Is proving the contradiction and proving the negation the same thing? Proving it true is proving the original statement false and proving it's false proves the statement is true?
So if a statement is an implication we just assume that the hypothesis is false? What if there's a quantifier in front?
What would proving the negation of this statement look like?:
$\forall x \in \Bbb R$, if $x > 2$, then $x^2 + 3 > 0$?
What you are actually asking about, according to the comments, is “proof by contradiction” (which is not “prove the contradiction”).

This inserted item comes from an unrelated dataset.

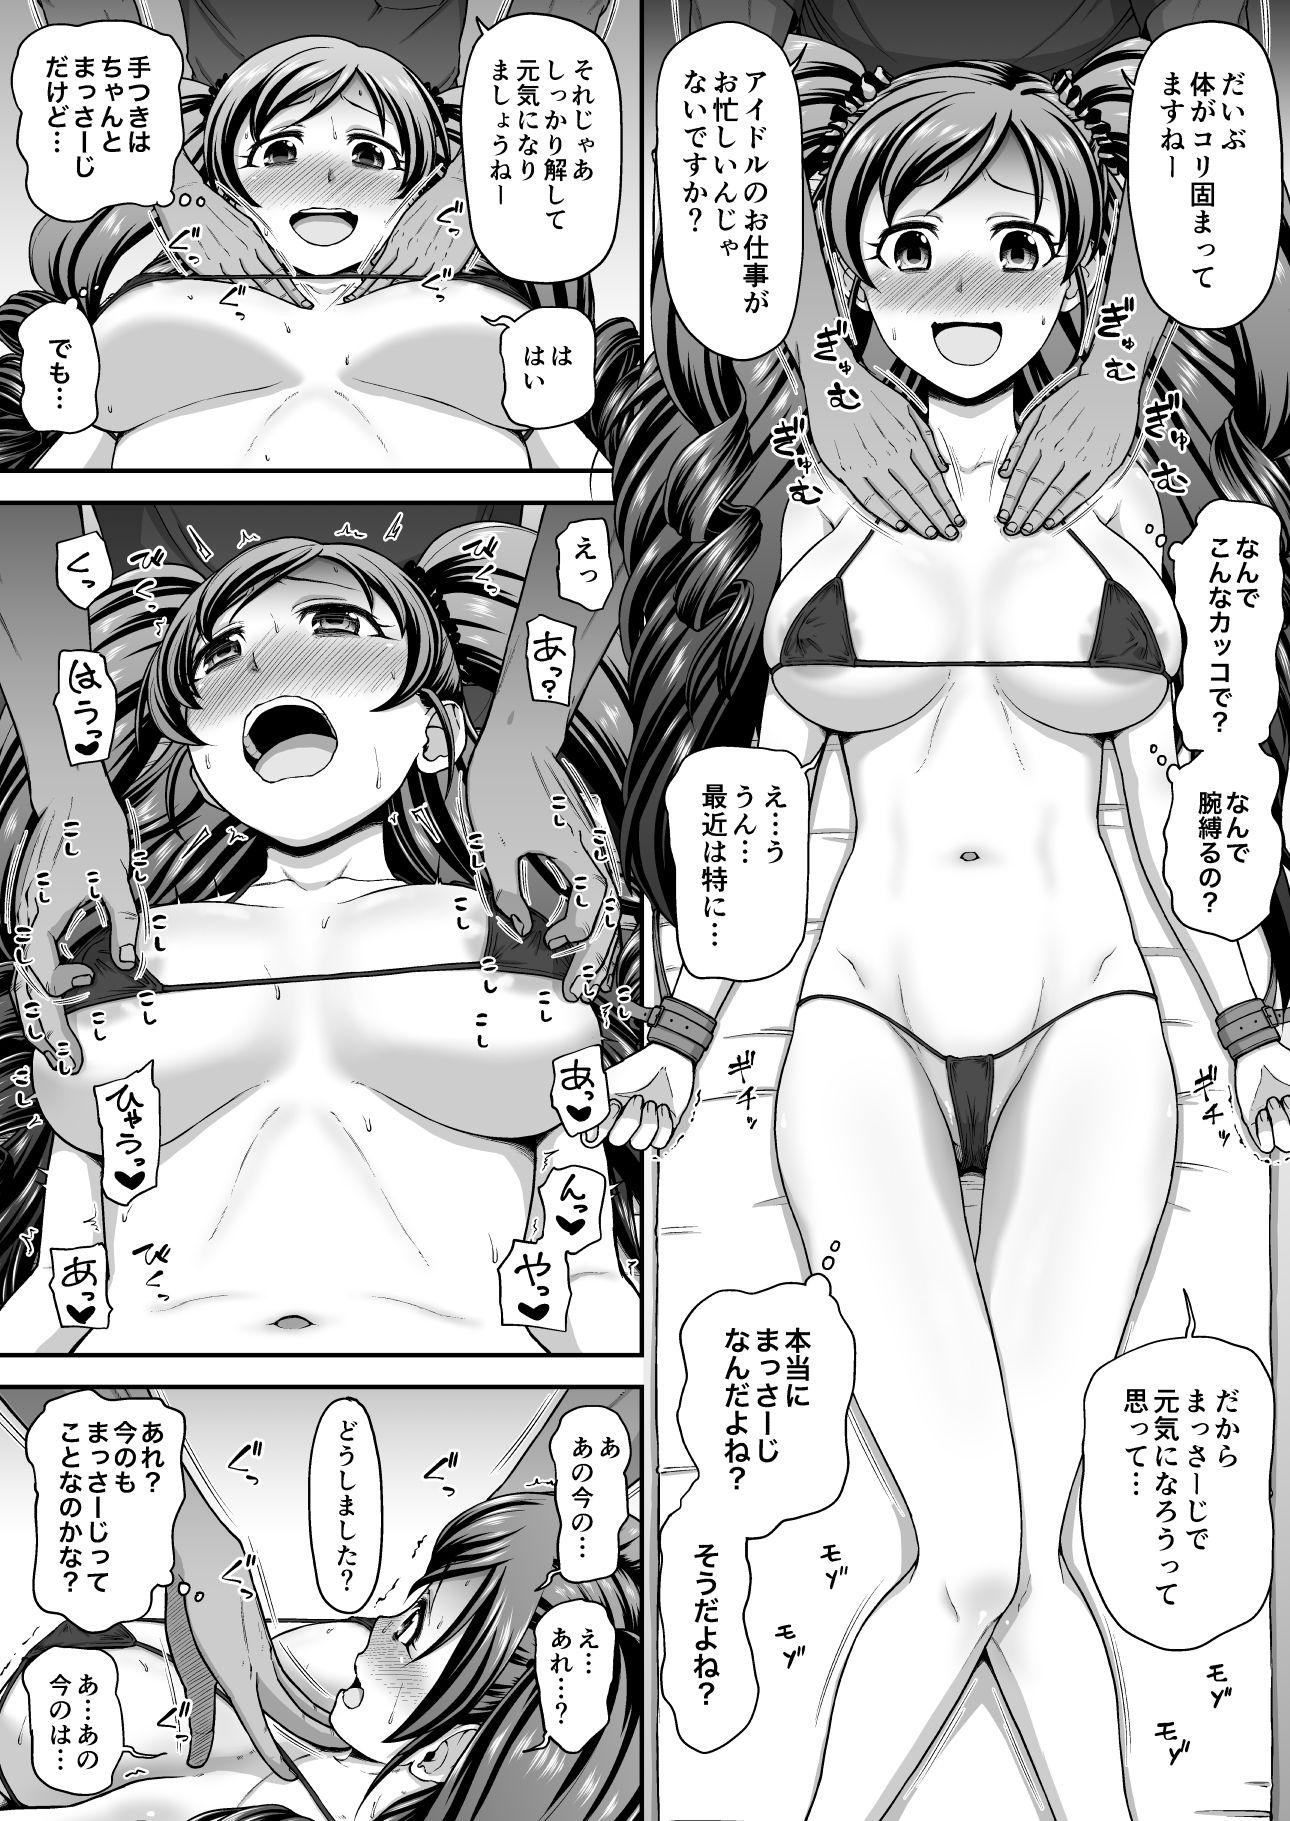 Skeb&FANBOX;落書きまとめ2

A proof by contradiction is a method of proof in which one assumes the negation of what you want to prove, and deduce a statement that is impossible. In classical logic, this means that the original statement must be true, because of the law of the excluded middle: it cannot be false (because if it were false that would lead to a contradiction), and if it is cannot be false, then it must be true.
In order to do a proof by contradiction, you must know the negation of the statement; but you are not trying to prove that the negation is true. You are assuming that the negation is true, and trying to deduce a statement known to be false/impossible.
In the case you give, the statement you want to prove is $$\forall x\in\mathbb{R}\Bigl( x\gt 2 \rightarrow x^2+3\gt 0\Bigr)$$
The negation of this statement is $$\begin{align*} &\neg\Biggl( \forall x\in\mathbb{R}\Bigl(x\gt 2 \rightarrow x^2+3\gt 0\Bigr)\Biggr)\\ &\exists x\in\mathbb{R}\Biggl(\neg\Bigl( x\gt 2\rightarrow x^2+3\gt 0\Bigr)\Biggr)\\ &\exists x\in\mathbb{R}\Biggl( x\gt 2 \text{ and } \neg(x^2+3\gt 0)\Biggr)\\ &\exists x\in\mathbb{R}\Bigl( x\gt 2 \text{ and }x^2+3\leq 0\Bigr) \end{align*} $$ So, to do a proof by contradiction, you would start by assuming that there is a real number $x$ that is both greater than 2, and also has the property that $x^2+3\leq 0$. From this, you would want to deduce something utterly impossible.
If you were trying to prove the negation, you would be trying to prove that there is a real number $x$ that is both greater than 2 and also has the property that $x^2+3\leq 0$.
Different things entirely.
If you do a proof by contradiction successfully, you have established that the given statement is true.
If you successfully prove the negation, you have established that the given statement is false.